Where does the word "Design" show up in the records? Copy every line that holds it.

(Data entries)
== Segment start ==

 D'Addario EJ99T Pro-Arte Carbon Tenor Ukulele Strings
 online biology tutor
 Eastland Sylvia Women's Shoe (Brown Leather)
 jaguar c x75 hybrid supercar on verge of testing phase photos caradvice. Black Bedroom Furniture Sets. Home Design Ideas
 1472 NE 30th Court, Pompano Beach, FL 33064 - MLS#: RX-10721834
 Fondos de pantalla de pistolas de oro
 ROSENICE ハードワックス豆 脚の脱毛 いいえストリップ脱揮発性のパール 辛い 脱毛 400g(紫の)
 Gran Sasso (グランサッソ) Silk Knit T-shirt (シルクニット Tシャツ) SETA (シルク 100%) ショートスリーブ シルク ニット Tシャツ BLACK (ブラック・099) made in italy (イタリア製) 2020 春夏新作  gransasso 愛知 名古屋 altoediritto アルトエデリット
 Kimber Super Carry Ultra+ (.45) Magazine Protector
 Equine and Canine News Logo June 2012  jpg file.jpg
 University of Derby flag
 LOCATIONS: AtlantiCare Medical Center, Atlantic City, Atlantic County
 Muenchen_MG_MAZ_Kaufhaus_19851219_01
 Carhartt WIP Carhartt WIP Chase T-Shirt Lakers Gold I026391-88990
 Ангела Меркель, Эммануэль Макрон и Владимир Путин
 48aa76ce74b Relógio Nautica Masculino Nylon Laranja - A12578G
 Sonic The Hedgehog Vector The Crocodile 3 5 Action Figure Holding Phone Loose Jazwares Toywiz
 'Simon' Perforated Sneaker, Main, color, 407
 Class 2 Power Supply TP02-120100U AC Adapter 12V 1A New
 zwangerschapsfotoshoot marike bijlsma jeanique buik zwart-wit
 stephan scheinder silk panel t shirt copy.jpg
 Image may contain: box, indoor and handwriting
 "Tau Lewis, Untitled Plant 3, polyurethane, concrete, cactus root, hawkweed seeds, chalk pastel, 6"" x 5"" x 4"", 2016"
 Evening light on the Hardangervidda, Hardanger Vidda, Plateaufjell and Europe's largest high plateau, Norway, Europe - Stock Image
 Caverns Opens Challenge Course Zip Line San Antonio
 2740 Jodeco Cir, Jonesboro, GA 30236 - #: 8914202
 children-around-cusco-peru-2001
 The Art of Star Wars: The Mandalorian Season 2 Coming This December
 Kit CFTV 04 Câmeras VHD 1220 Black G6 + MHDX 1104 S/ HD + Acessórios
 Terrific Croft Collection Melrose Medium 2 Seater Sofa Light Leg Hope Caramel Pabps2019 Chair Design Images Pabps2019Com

== Segment end ==

**Answer to this problem**
 jaguar c x75 hybrid supercar on verge of testing phase photos caradvice. Black Bedroom Furniture Sets. Home Design Ideas
 Terrific Croft Collection Melrose Medium 2 Seater Sofa Light Leg Hope Caramel Pabps2019 Chair Design Images Pabps2019Com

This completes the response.